> **EXERCISE REQUIREMENTS**: Your answer should be the lines below from the one with "10pcs/lot 20*10mm Clear" to the one with "Sexy Lace Underwired", both included, given again exactly and with nothing added.

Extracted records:
════════════════════

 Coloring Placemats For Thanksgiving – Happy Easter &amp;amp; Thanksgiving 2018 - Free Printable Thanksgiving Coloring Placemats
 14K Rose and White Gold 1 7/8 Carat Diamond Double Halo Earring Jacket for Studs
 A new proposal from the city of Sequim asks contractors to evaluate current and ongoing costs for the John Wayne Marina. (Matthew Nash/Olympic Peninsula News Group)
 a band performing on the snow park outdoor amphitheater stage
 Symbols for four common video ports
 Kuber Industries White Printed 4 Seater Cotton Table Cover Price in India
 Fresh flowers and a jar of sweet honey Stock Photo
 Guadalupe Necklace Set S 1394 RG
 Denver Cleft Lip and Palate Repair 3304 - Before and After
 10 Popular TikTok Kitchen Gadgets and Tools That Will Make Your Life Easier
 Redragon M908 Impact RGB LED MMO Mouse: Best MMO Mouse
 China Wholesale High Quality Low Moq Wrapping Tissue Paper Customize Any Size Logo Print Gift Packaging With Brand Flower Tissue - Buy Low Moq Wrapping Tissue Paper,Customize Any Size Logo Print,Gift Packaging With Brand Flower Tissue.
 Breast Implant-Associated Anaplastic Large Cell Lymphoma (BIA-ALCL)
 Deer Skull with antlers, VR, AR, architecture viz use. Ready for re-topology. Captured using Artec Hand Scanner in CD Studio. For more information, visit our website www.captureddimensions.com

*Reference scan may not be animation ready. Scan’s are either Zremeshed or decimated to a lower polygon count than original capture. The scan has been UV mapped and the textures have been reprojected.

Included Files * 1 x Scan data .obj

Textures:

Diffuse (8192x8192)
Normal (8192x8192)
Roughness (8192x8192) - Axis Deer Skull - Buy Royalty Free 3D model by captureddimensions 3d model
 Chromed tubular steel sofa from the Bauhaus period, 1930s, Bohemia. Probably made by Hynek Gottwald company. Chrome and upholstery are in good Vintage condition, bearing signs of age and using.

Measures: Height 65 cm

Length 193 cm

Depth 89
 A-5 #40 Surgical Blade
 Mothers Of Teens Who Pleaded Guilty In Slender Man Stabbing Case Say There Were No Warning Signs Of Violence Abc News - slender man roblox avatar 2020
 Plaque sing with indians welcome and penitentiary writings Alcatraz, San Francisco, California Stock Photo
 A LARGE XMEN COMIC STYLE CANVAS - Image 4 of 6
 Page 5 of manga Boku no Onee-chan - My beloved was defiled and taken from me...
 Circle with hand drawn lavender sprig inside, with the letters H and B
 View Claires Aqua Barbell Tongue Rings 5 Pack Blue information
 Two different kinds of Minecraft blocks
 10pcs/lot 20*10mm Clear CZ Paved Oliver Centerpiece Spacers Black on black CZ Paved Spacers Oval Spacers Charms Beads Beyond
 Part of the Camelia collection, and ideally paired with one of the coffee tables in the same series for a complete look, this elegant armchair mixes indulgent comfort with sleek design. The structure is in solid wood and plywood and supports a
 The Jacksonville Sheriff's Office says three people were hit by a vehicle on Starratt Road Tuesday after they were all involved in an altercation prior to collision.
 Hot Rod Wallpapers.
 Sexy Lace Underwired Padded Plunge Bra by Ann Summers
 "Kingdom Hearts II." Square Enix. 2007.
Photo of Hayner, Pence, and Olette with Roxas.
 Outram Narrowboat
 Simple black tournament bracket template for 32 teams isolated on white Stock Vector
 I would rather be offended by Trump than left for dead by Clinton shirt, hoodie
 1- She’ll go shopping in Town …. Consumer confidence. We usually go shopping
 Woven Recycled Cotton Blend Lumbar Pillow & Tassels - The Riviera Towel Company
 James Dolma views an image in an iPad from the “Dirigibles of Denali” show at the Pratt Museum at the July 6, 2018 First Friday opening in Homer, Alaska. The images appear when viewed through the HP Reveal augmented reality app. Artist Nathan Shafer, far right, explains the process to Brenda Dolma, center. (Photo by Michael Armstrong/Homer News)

════════════════════

> **SOLUTION BELOW**:
 10pcs/lot 20*10mm Clear CZ Paved Oliver Centerpiece Spacers Black on black CZ Paved Spacers Oval Spacers Charms Beads Beyond
 Part of the Camelia collection, and ideally paired with one of the coffee tables in the same series for a complete look, this elegant armchair mixes indulgent comfort with sleek design. The structure is in solid wood and plywood and supports a
 The Jacksonville Sheriff's Office says three people were hit by a vehicle on Starratt Road Tuesday after they were all involved in an altercation prior to collision.
 Hot Rod Wallpapers.
 Sexy Lace Underwired Padded Plunge Bra by Ann Summers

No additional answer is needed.